Молча чокнулись, выпили, и наступила такая тягостная тишина, что Сергей, с недоумением глядя на брата, сказал:
— Что-то не пойму я тебя, Кешка. Сидишь как на поминках. А уж кому, как не тебе, радоваться жизни? Смотри — тебе только тридцать, а ты уже доктор наук, к тебе за советами чуть ли не со всех концов Союза едут, сын какой отличный растет, жена просто прелесть, а ты… Какого рожна тебе еще надо?
— Мне-то? — не сразу отозвался Кент, неприятно изучающим взглядом окидывая Сергея.
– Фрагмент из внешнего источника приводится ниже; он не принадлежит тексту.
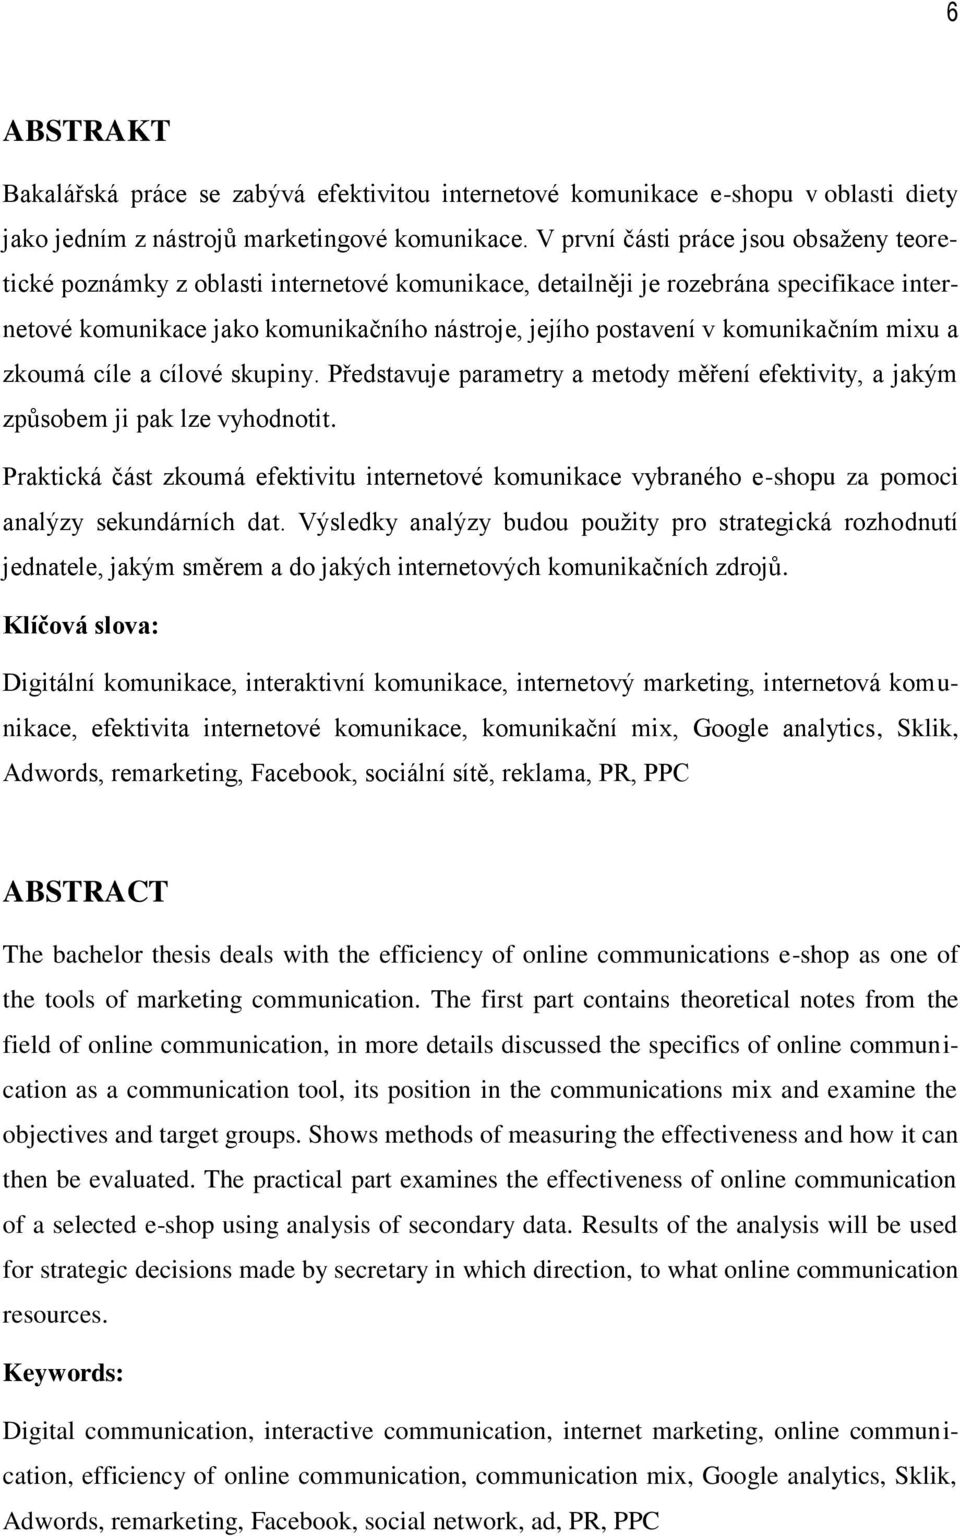 Efektivita digitální komunikace vybraného e-shopu. Monika Dvořáková - PDF  Free Download

И, снова налив всем коньяку, спросил с усмешкой: — А ты как думаешь?
— Н-не знаю, — растерянно сказал Сергей, уже пожалев, что затеял этот разговор.
— А ты вон у нее спроси, — кивнул Кент на Софью Михайловну. — Она наверняка знает, хотя вопросов таких и не задавала.
Софья Михайловна тихо попросила:
— Не надо об этом, Кент.
— Может, и не надо, — покладисто согласился Кент. — А может, и надо. — Он молча выпил, не предлагая им, зажевал лимоном и спокойно продолжал: — Мне сущий пустячок нужен, Серега, — полюбить кого-нибудь… Или что-нибудь. Хоть черта лысого, хоть маленькую собачонку.
Прозвучало это так неожиданно, что Сергей, совсем потерявшись, необдуманно спросил:
— Как это понимать? Ты что же… никого не любишь?
— Ну, почему же? — Кент улыбнулся. — Вот Софью люблю, Маринку ее, тебя… немножко, — с каким-то непонятным выражением добавил он. — Я еще много чего люблю — машины свои, редьку с хреном, Анук Эмэ обожаю, когда она Отто Фишеру в любви объясняется… Слушай, ты же киношник, сделай мне одолжение, устрой просмотр «Я ищу тебя». Если можно, конечно… Отличный ведь фильм, а? Или у вас, профессионалов, он по-другому котируется?
— Ты это… серьезно?
— Насчет фильма-то? Вполне.
Сергей не знал, что говорить. Только и нашелся, что пообещать:
— Ладно, я узнаю.
— Вот молодец, — спокойно сказал Кент. — Понимаешь, пять раз уже смотрел, и почему-то еще хочется…
6
Сергей и сейчас, вспоминая тот вечер, не мог понять брата. Не в шутку же все это было сказано… Ведь через полгода Наташа ушла от него. Почему? Кент сообщил об уходе жены спокойно, как о событии заурядном, чуть ли не естественном, и у Сергея не хватило духу расспрашивать, да еще в присутствии Шанталь.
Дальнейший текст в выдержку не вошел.